= Alfonso Sánchez Izquierdo =

Alfonso Sánchez Izquierdo (born 1949 in Sidi Ifni) is a Spanish journalist and broadcast executive. In May 2009, he was appointed director general of Compañía de Radio Televisión de Galicia, the public broadcaster for the autonomous community of Galicia, Spain.

He holds a Diploma in Information Sciences at the Escuela de Periodismo de Madrid (Madrid School of Journalism) (1973) and Bachelor of Laws (1978) from Complutense University, as well as a degree in sociology from the Instituto León XIII,

He began his journalism career as a correspondent for EFE in the U.S. In 1973 he joined the newspaper La Región as its editor.

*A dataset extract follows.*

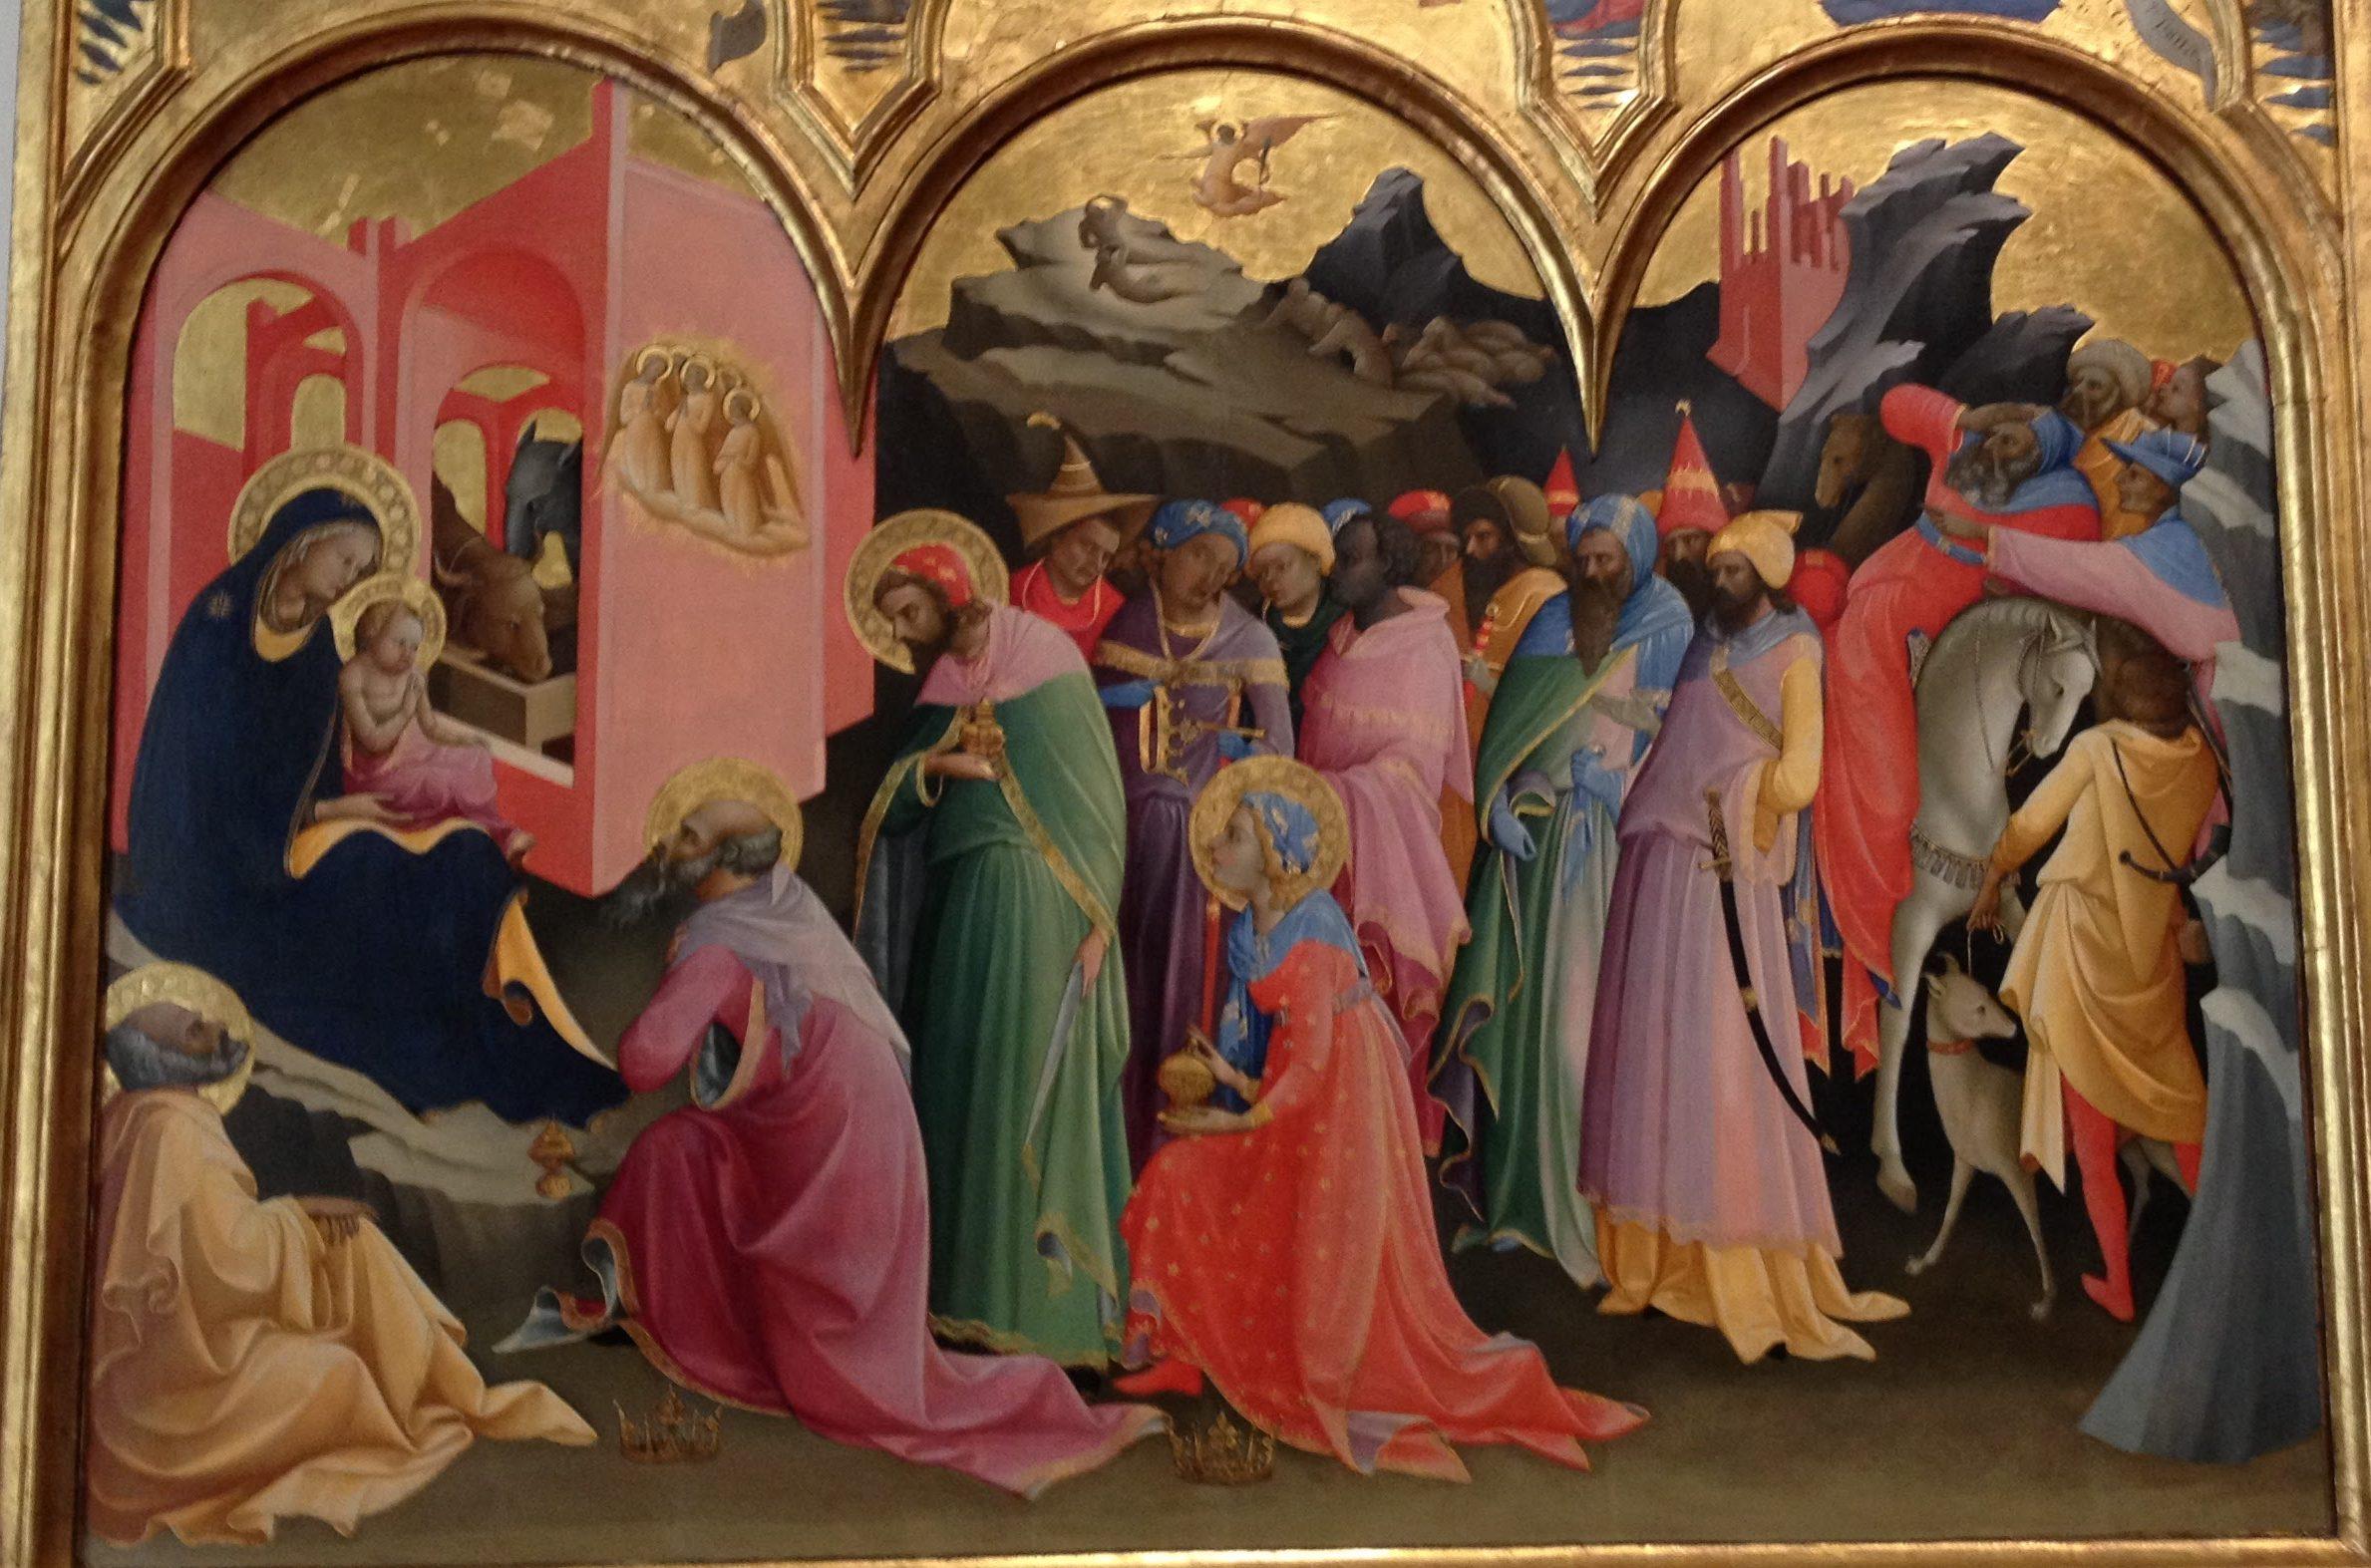 東方三博士の礼拝 ロレンツォ・モナコ, 1420-22 ウフィツィ美術館, フィレンツェ

He became editor of the newspaper, to which he remained linked professionally for 35 years. He held other positions within the La Región group, including CEO of the newspaper Diario de Vigo (1987), of the Axencia Galega de Noticias news agency (1990) and president and CEO of Telemiño.

In 2005 he was awarded the Diego Bernal prize, named in memory of another prominent journalist now deceased, by the Asociación de Periodistas de Galicia (Association of Journalists of Galicia).

In July 2008, Sánchez Izquierdo left La Región and was replaced by Xosé Manuel Pastoriza.

From July 2008 until May 2009 he carried out research work and taught as an associate professor at the University of Santiago de Compostela.

Since 2008 he also taught at the University of Vigo and served on the board of directors of Acioavia Wises, S.L.

Alfonso Sánchez Izquierdo is the co-author of the books Diálogo Social en Galicia (Social Dialogue in Galicia) (2008) and Veinticinco años de autonomía de Galicia (Twenty-five years of autonomy of Galicia) (2005). He also chaired the committee for the media language standardization plan of Galicia.

In 2008 he was named president of the Asociación Galega de Xestión da Comunicación. In November 2009 he was named chairperson of FORTA, the Federation of Regional Organizations of Radio and Television (Spanish: Federación de Organismos de Radio y Televisión Autonómicos).